Post by cavalier1138 » Tue Dec 18, 2018 3:04 pm

BarelyConcealedRage wrote:
cavalier1138 wrote:
BarelyConcealedRage wrote:I feel 99% if the people who tell me otherwise had substantial assistance from their parents and do not know what i am talking about because such horror stories are alien to them.
I lived on significantly less than your salary for years. Your attitude is not normal; you need to get professional help. I will keep repeating that until it sinks in.
When was this? And do you make that now?

How financially secure are your parents and how much did they subsidize your lifestyle? Do you have to worry about their homelessness?
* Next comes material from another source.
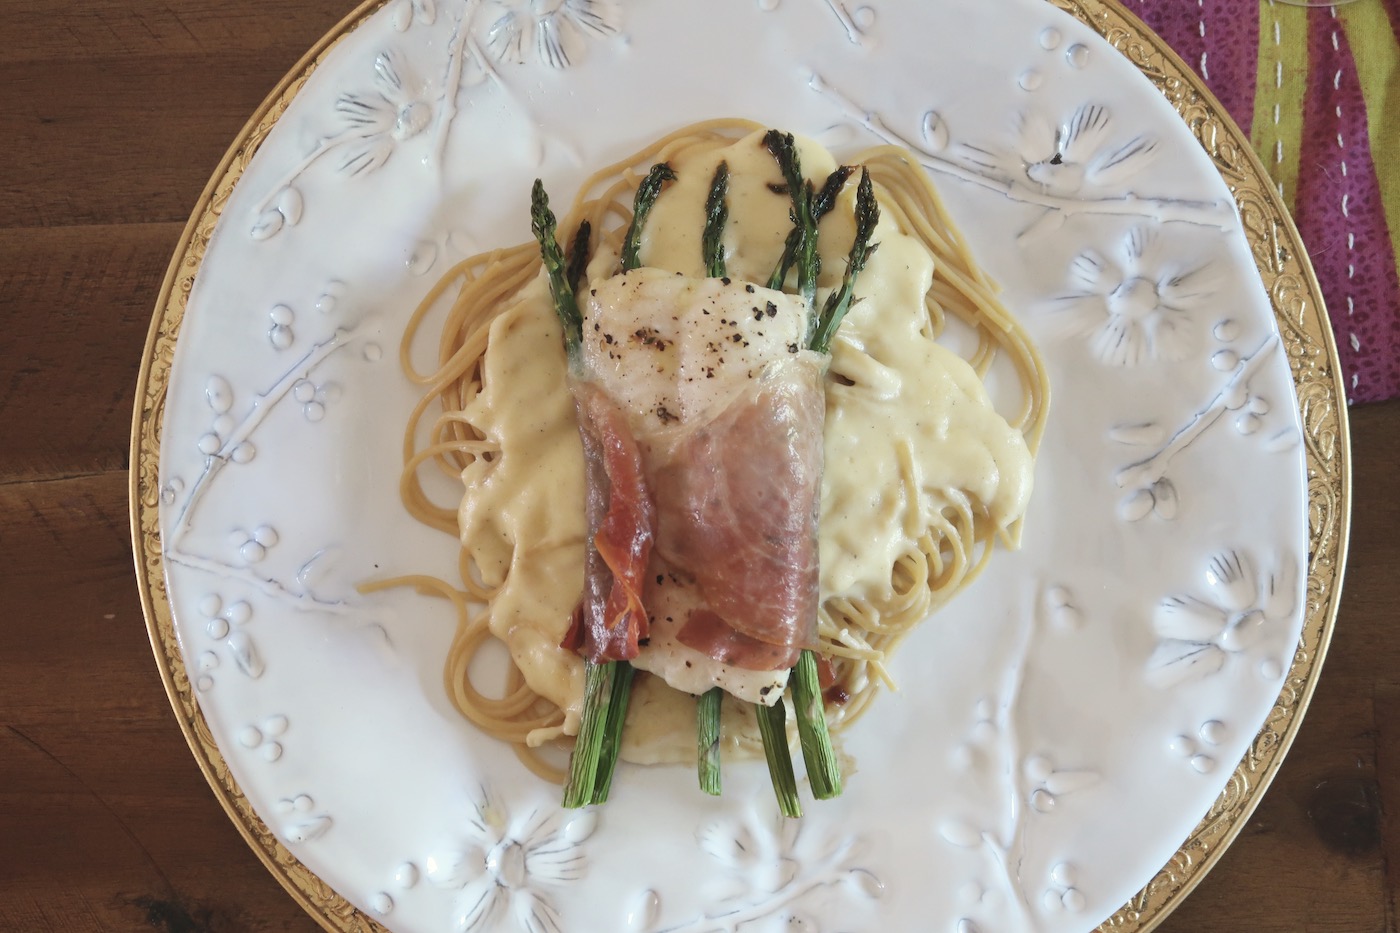 Prosciutto-Wrapped U.S. Catfish with asparagus and Alfredo pasta. So good!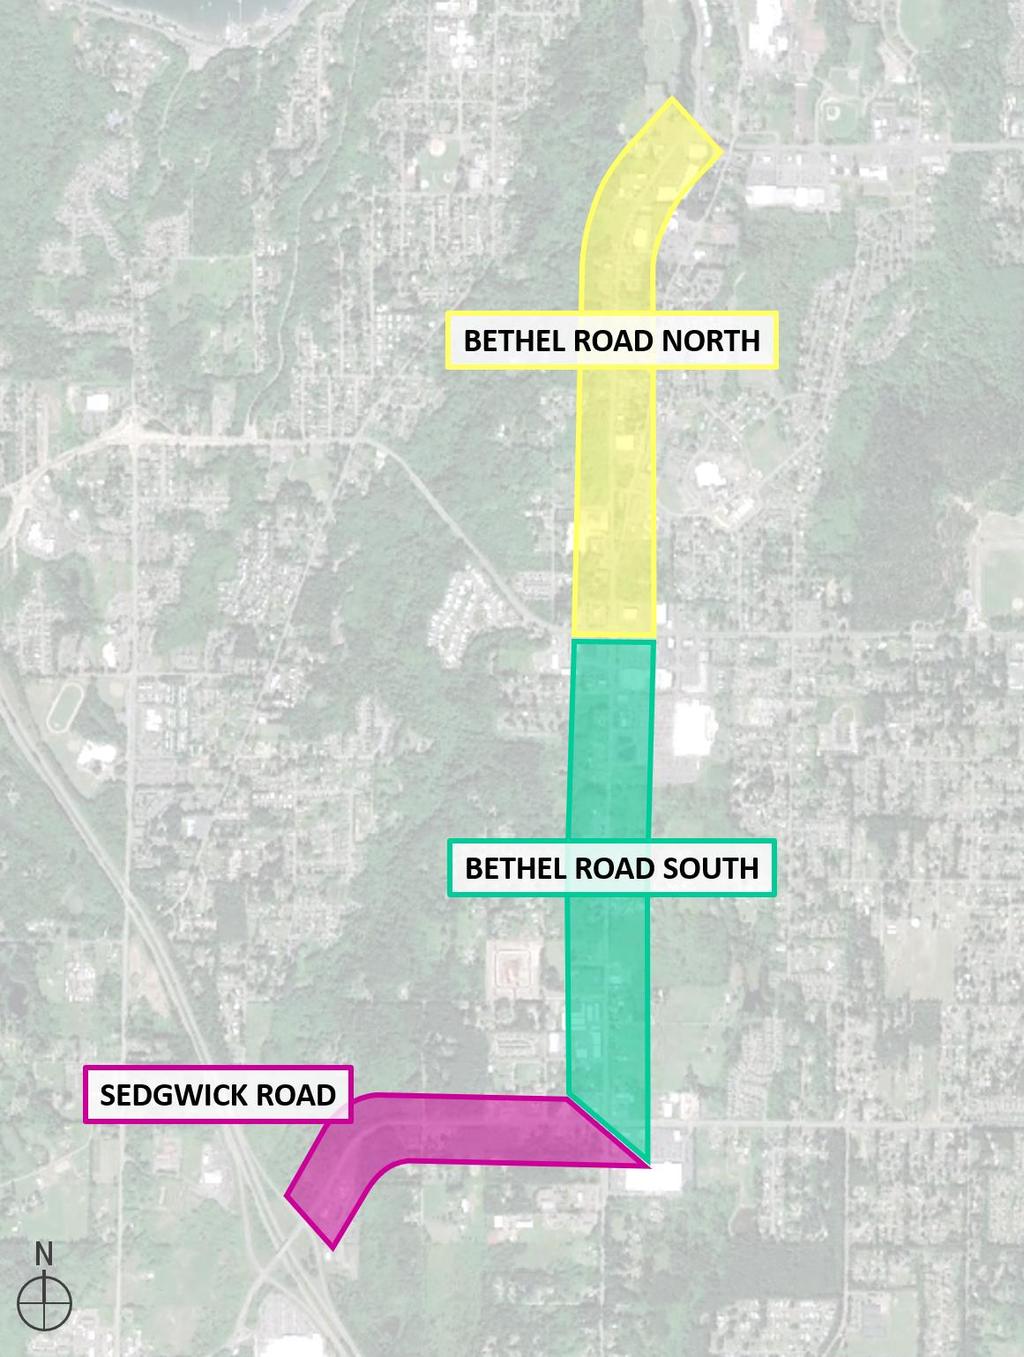 PREFERRED ALTERNATIVE STREET CHARACTER INTERSECTION CONTROL ACCESS MANAGEMENT Bethel Road North (Mile Hill Dr to Lincoln Ave) Bethel Road South (Lund Ave to Sedgwick Rd) Sedgwick Road (SR 16 to

I am not saying it is a starvation salary but it is definitely impossible to build a life to be certain.

I don't mean any of what I say as an insult but it is a matter of fact and relevent to my decision making.
It was for a period of years after I graduated undergrad but before I applied to law school. I'm finishing up school this year, so practically speaking, I'm losing money through August. I did not have to worry about my parents, but they did not subsidize my "lifestyle," which mainly consisted of making rent and food money. There's absolutely no point in you knowing this information, but you seem to have deluded yourself into thinking that everyone telling you that this isn't a normal outlook is doing so because they live in the lap of luxury.

The vast majority of people in this country make less than six figures. They own homes, have children, take trips, and live relatively comfortable lives. There is something between abject poverty and making the kind of insane money that lawyers at big firms make.

Get into counseling.

Seriously? What are you waiting for?